I thought of using Krull dimension to answer this but a ring can have lower Krull dimension than its subring (e.g. $\mathbb{Z}\subset \mathbb{Q}$).
I think the answer is yes, with $R= \mathbb C$ (which is surely noetherian and integral !)
Indeed consider $K$ the field of fractions of $\mathbb C[[x]]$ and $L$ its algebraic closure.
Note that $\mathbb C [[x]]$ has cardinality $|\mathbb C|^{|\mathbb N|} = (2^{\aleph_0})^{\aleph_0} = 2^{\aleph_0^2}=2^{\aleph_0} = |\mathbb C|$, therefore so does $K$ and therefore so does $L$.
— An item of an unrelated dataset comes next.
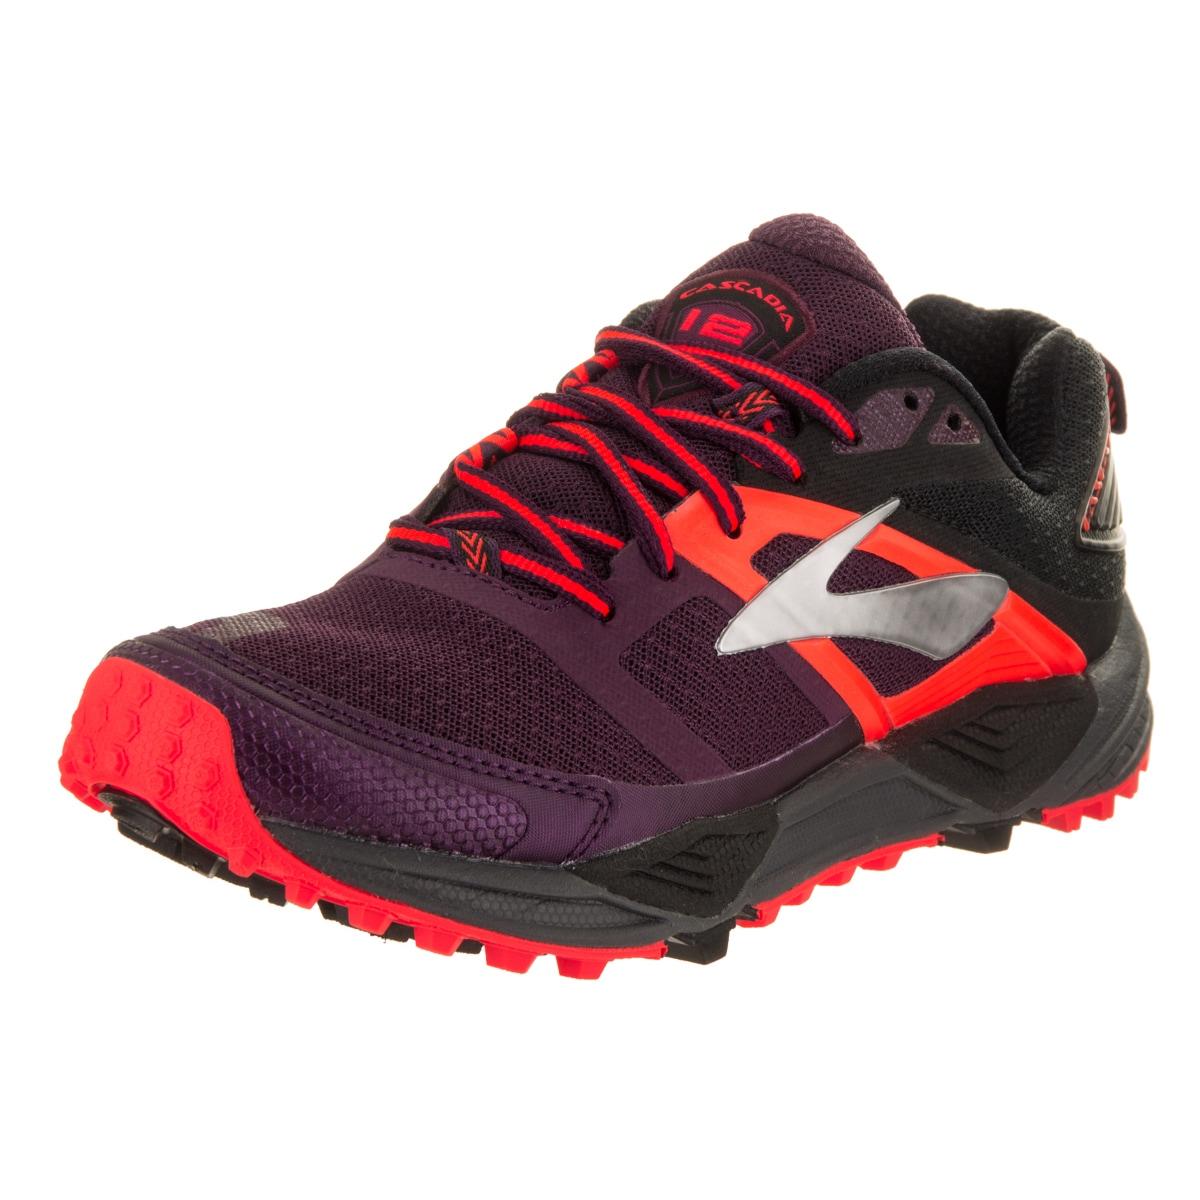 Cascadia 12 Running Shoe - Overstock

It follows that the transcendence degree of $L$ over $\mathbb Q$ is precisely $2^{\aleph_0}$, just like $\mathbb C$; and $L$ is algebraically closed, therefore $L\cong \mathbb C$ (it's actually quicker to see that $L$ injects into $\mathbb C$ but the stronger result is true as well).
But clearly $ \mathbb C[[x]] \to K \to L \to \mathbb C$ is then an injection.
This is the same trick as to show that $\mathbb C(X)$ injects into $\mathbb C$.
Of course, as was pointed out in the comments, for cardinality reasons this doesn't happen if $|R|^{\aleph_0} > |R|$, which happens e.g. for $|R| = \aleph_0$, i.e. $R$ countable (but also, by König's theorem, for higher cardinalities such as $\aleph_\omega$, though of course you will rarely encounter rings that provably have this cardinality)